### Input material
BEGIN

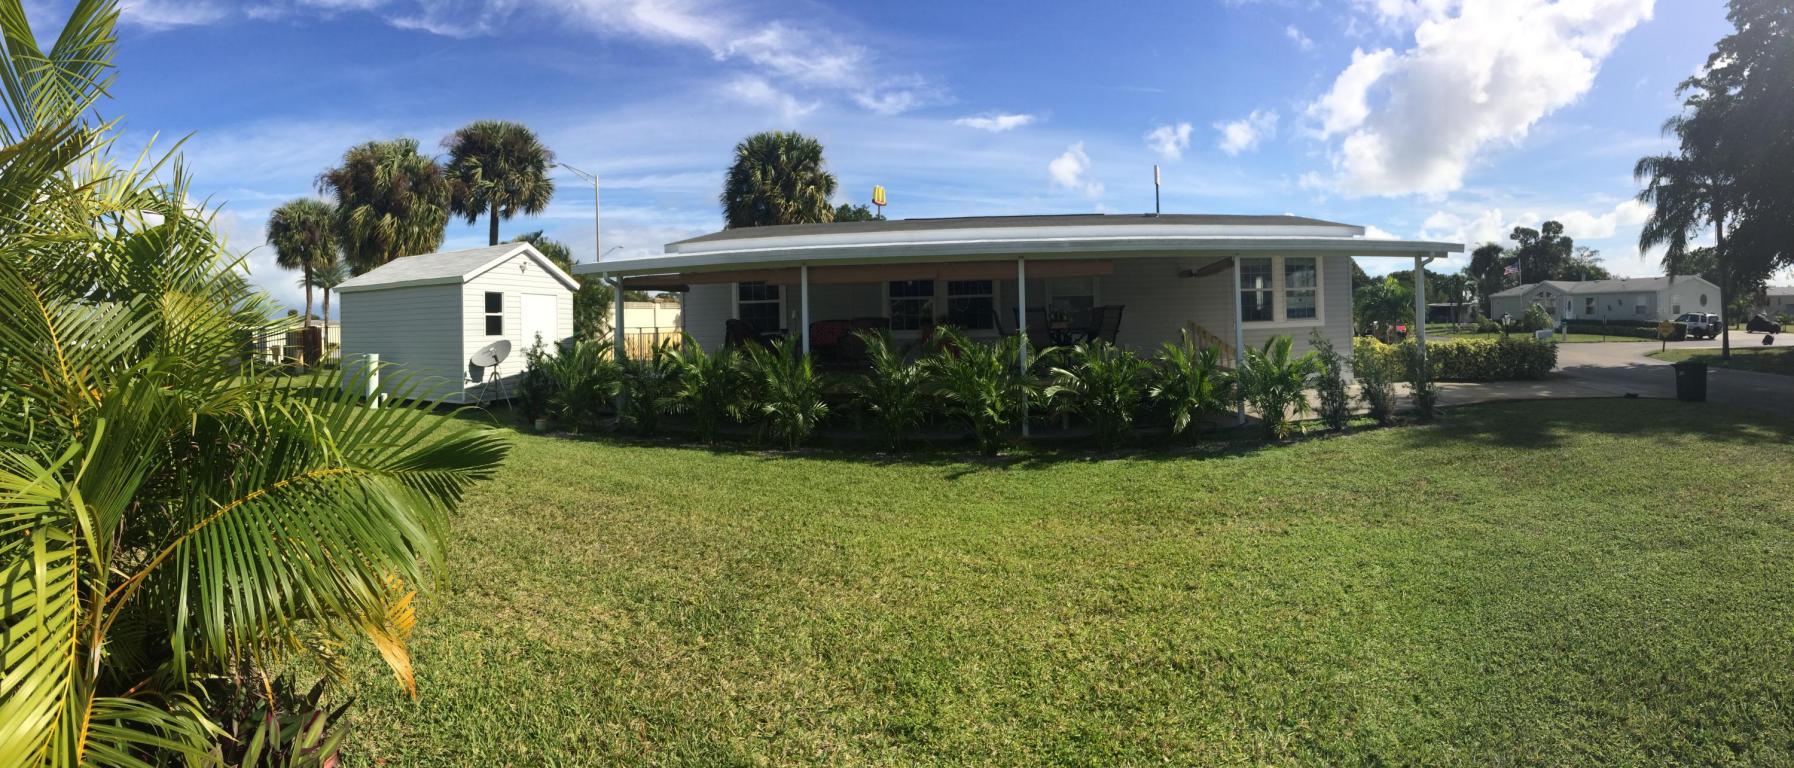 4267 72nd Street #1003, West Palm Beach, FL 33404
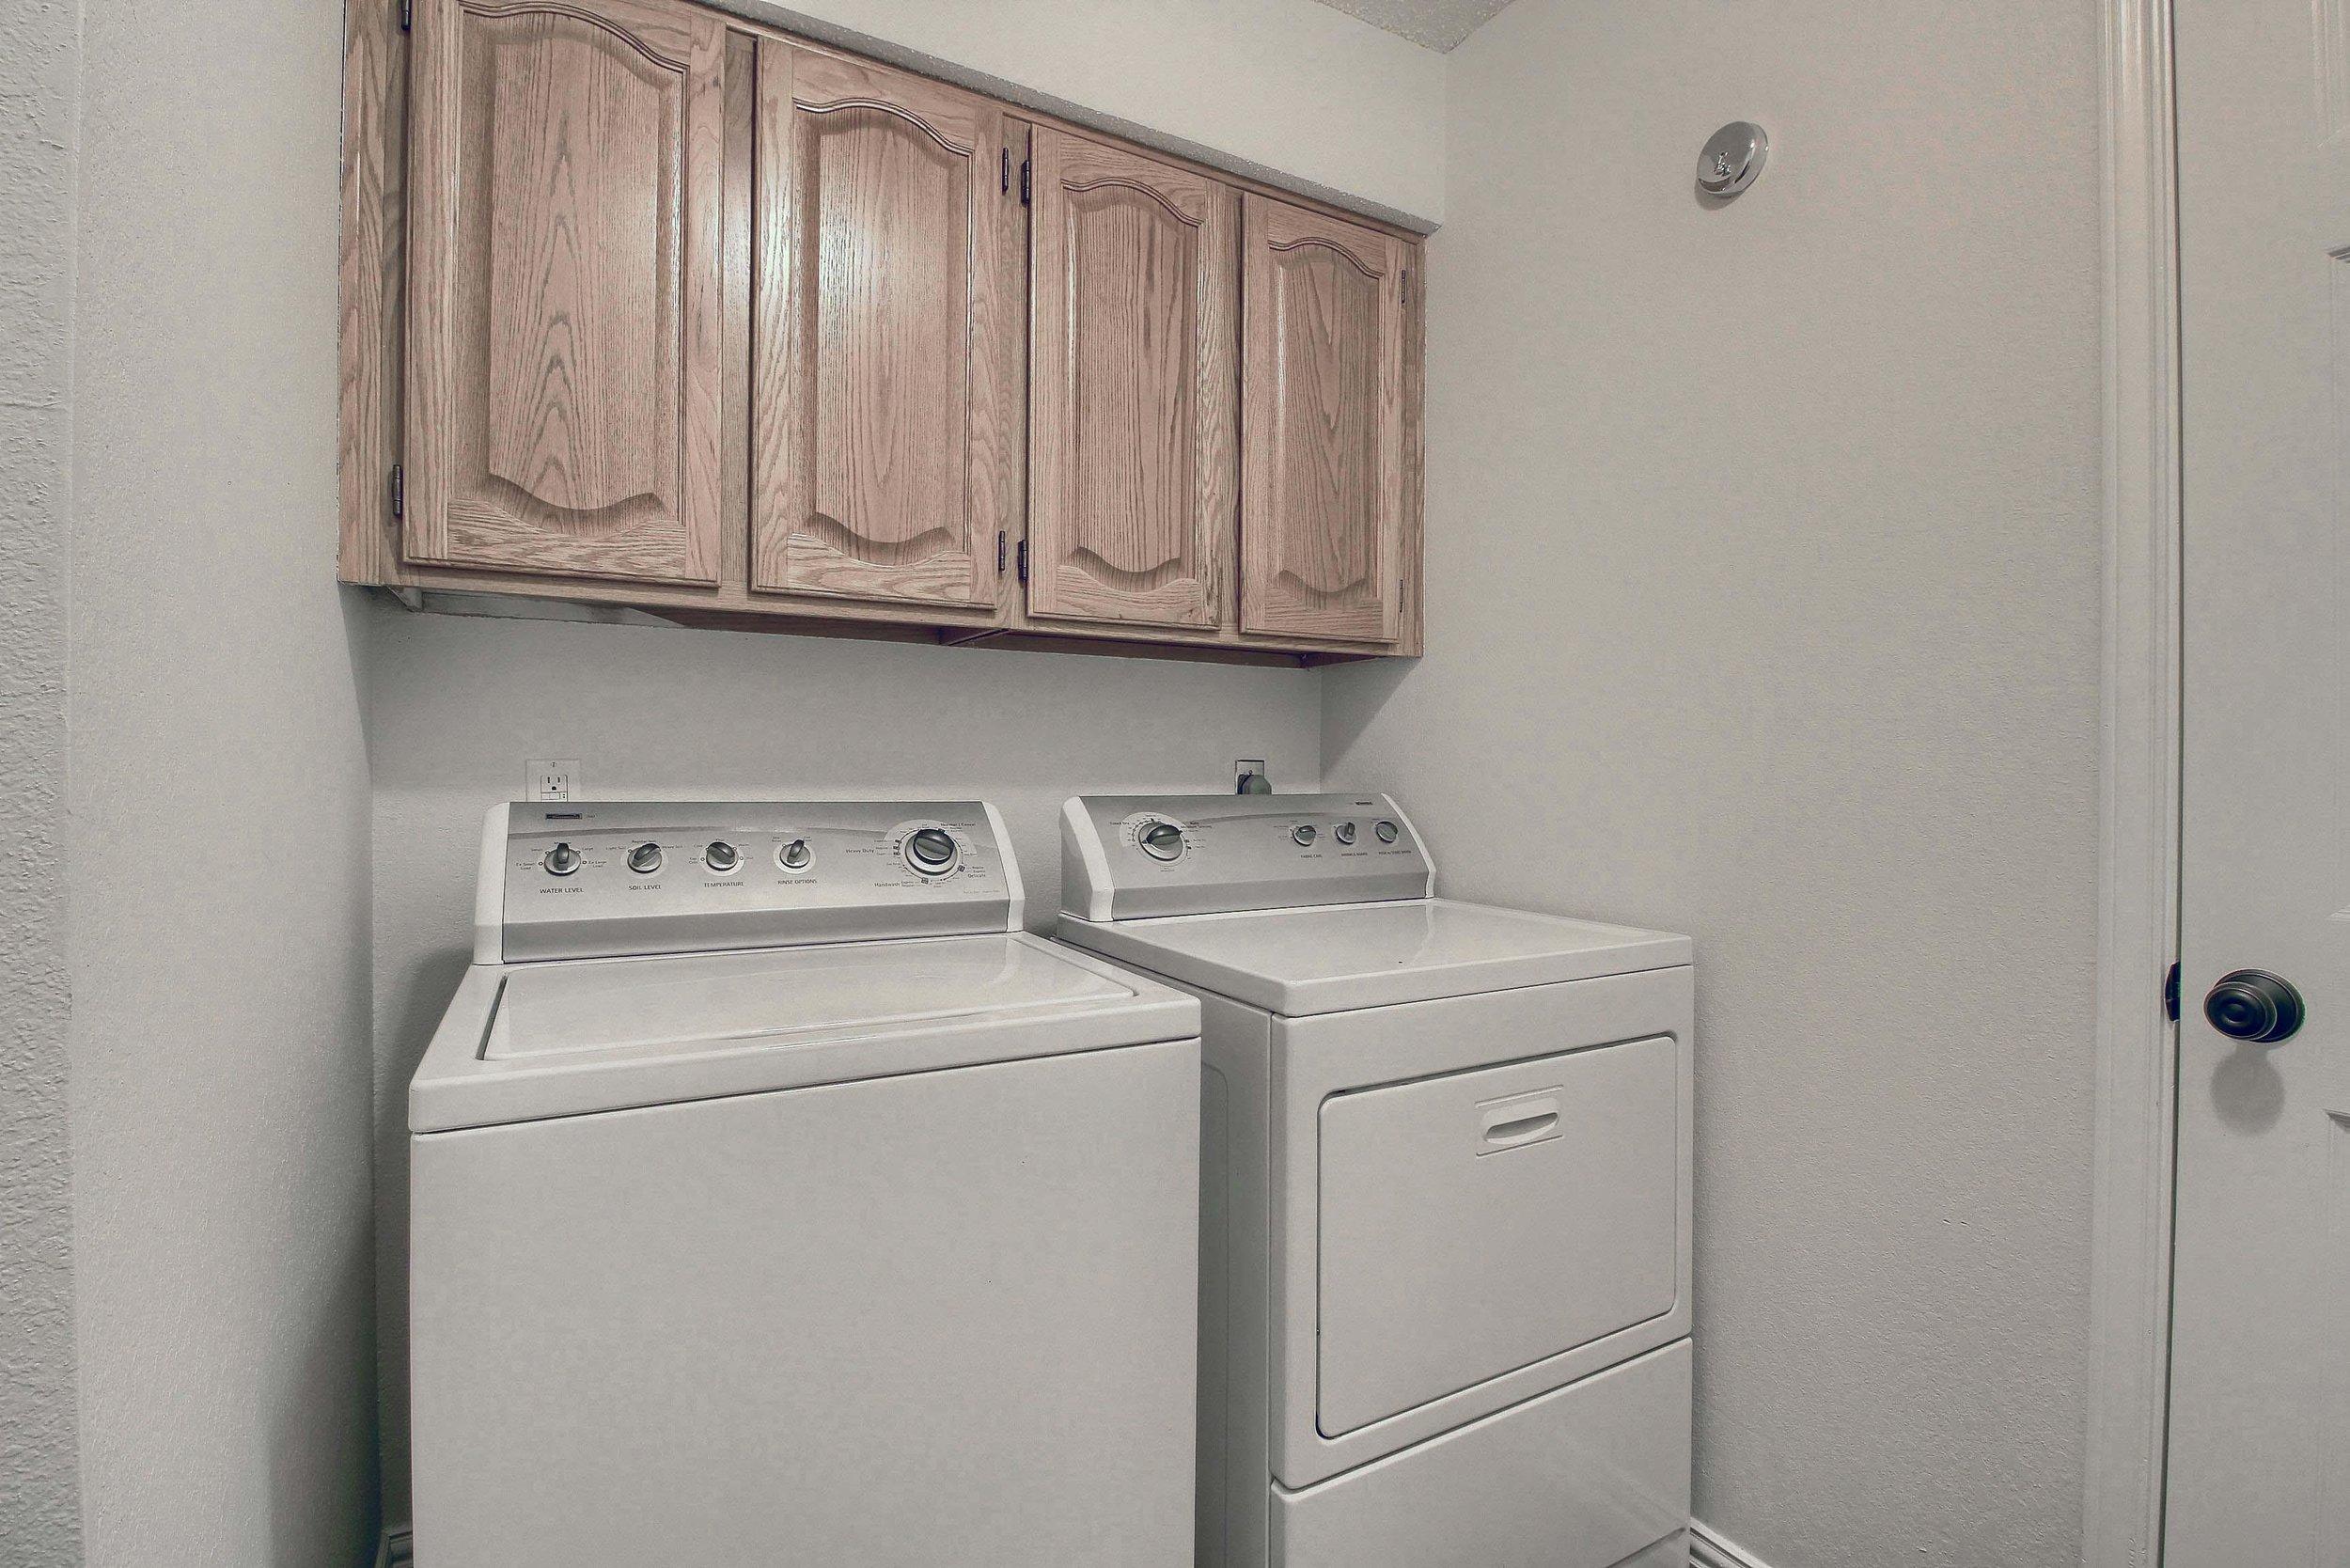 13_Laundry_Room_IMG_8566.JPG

END
BEGIN

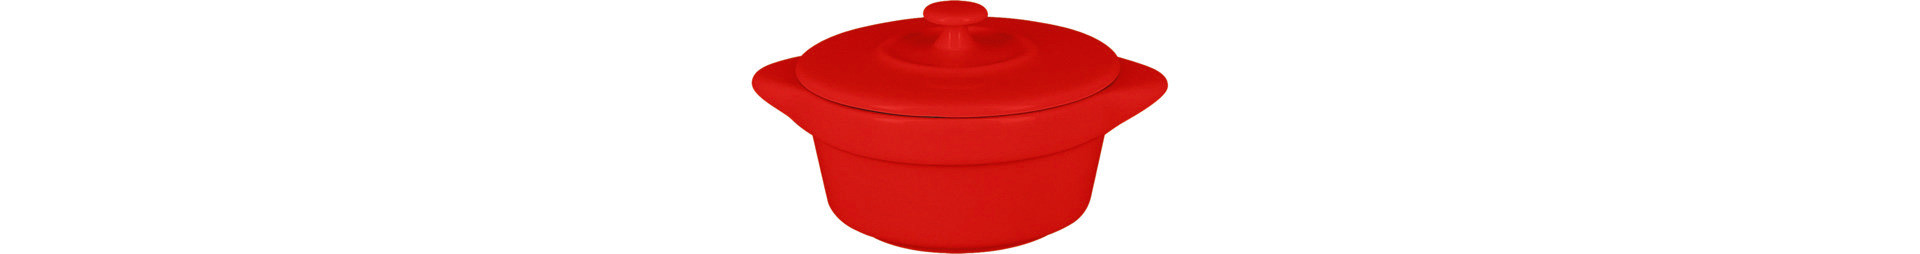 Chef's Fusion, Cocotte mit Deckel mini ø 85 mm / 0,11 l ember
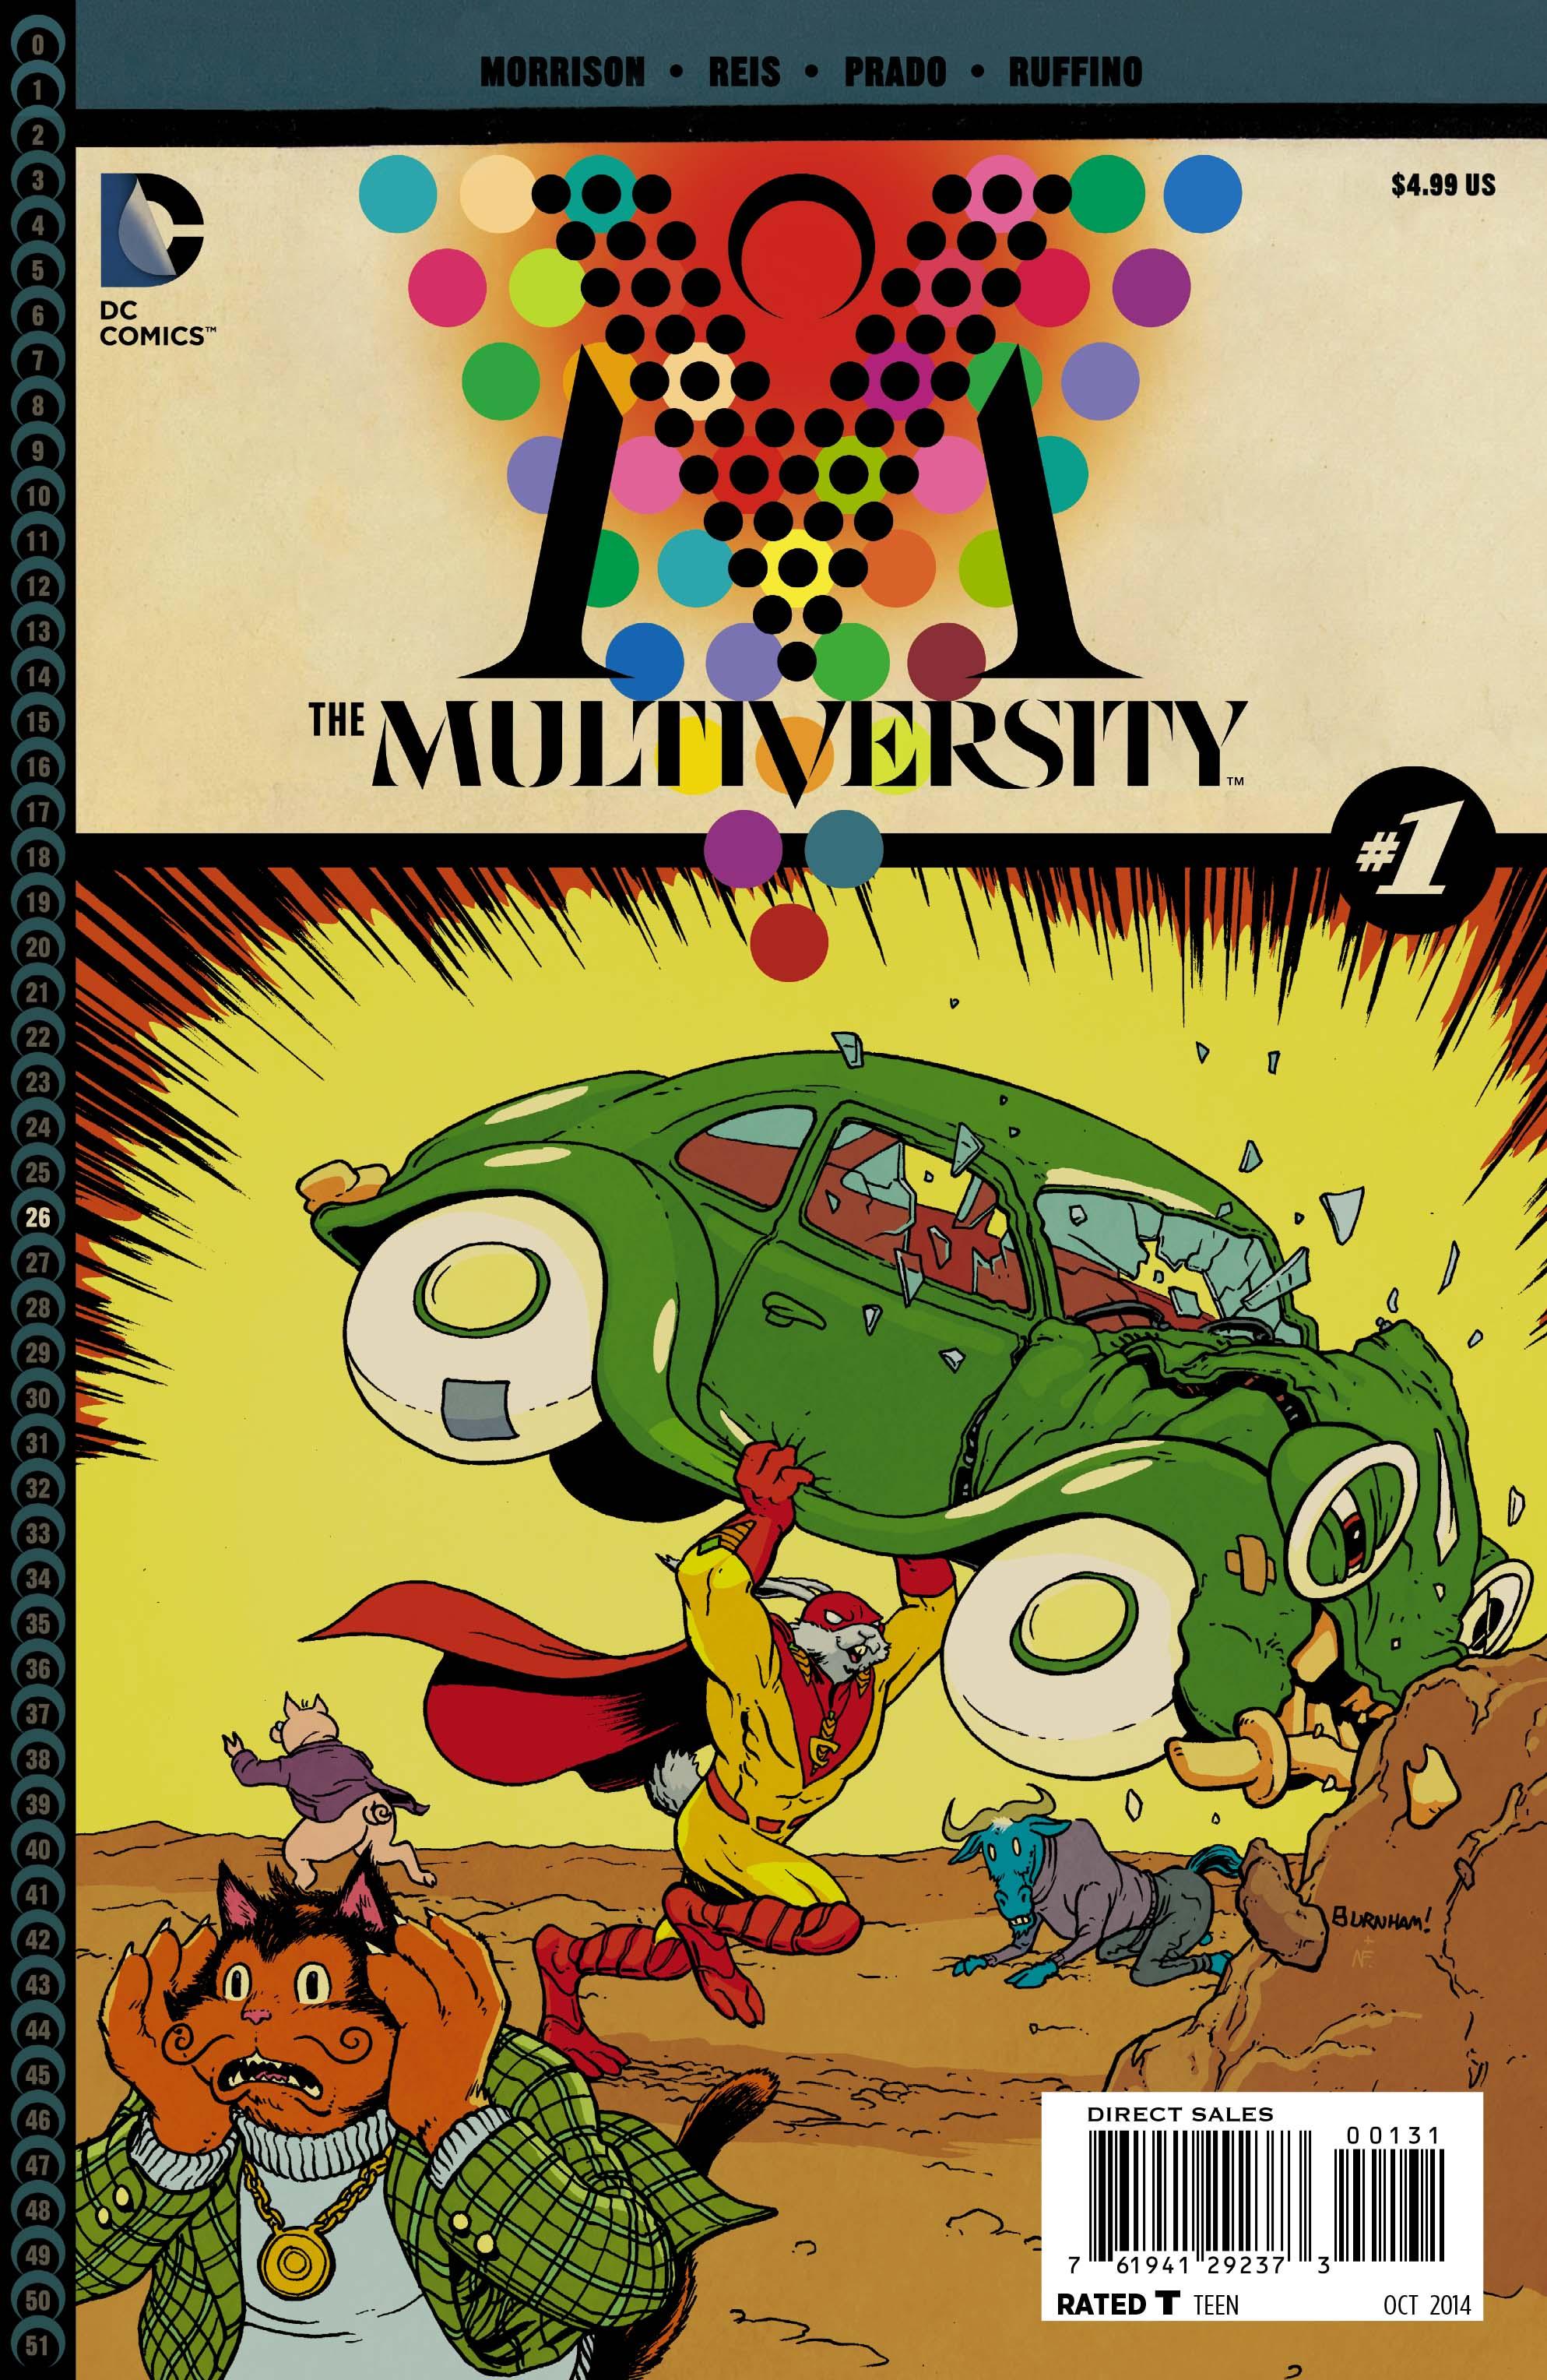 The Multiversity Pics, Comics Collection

END

### Work instruction
Skipping the pictures, print the lines in the listing above exactly as written, starting at the line with "Chef's Fusion, Cocotte" and ending at the line with "The Multiversity Pics, Comics Collection", both included.

### Result
 Chef's Fusion, Cocotte mit Deckel mini ø 85 mm / 0,11 l ember
 The Multiversity Pics, Comics Collection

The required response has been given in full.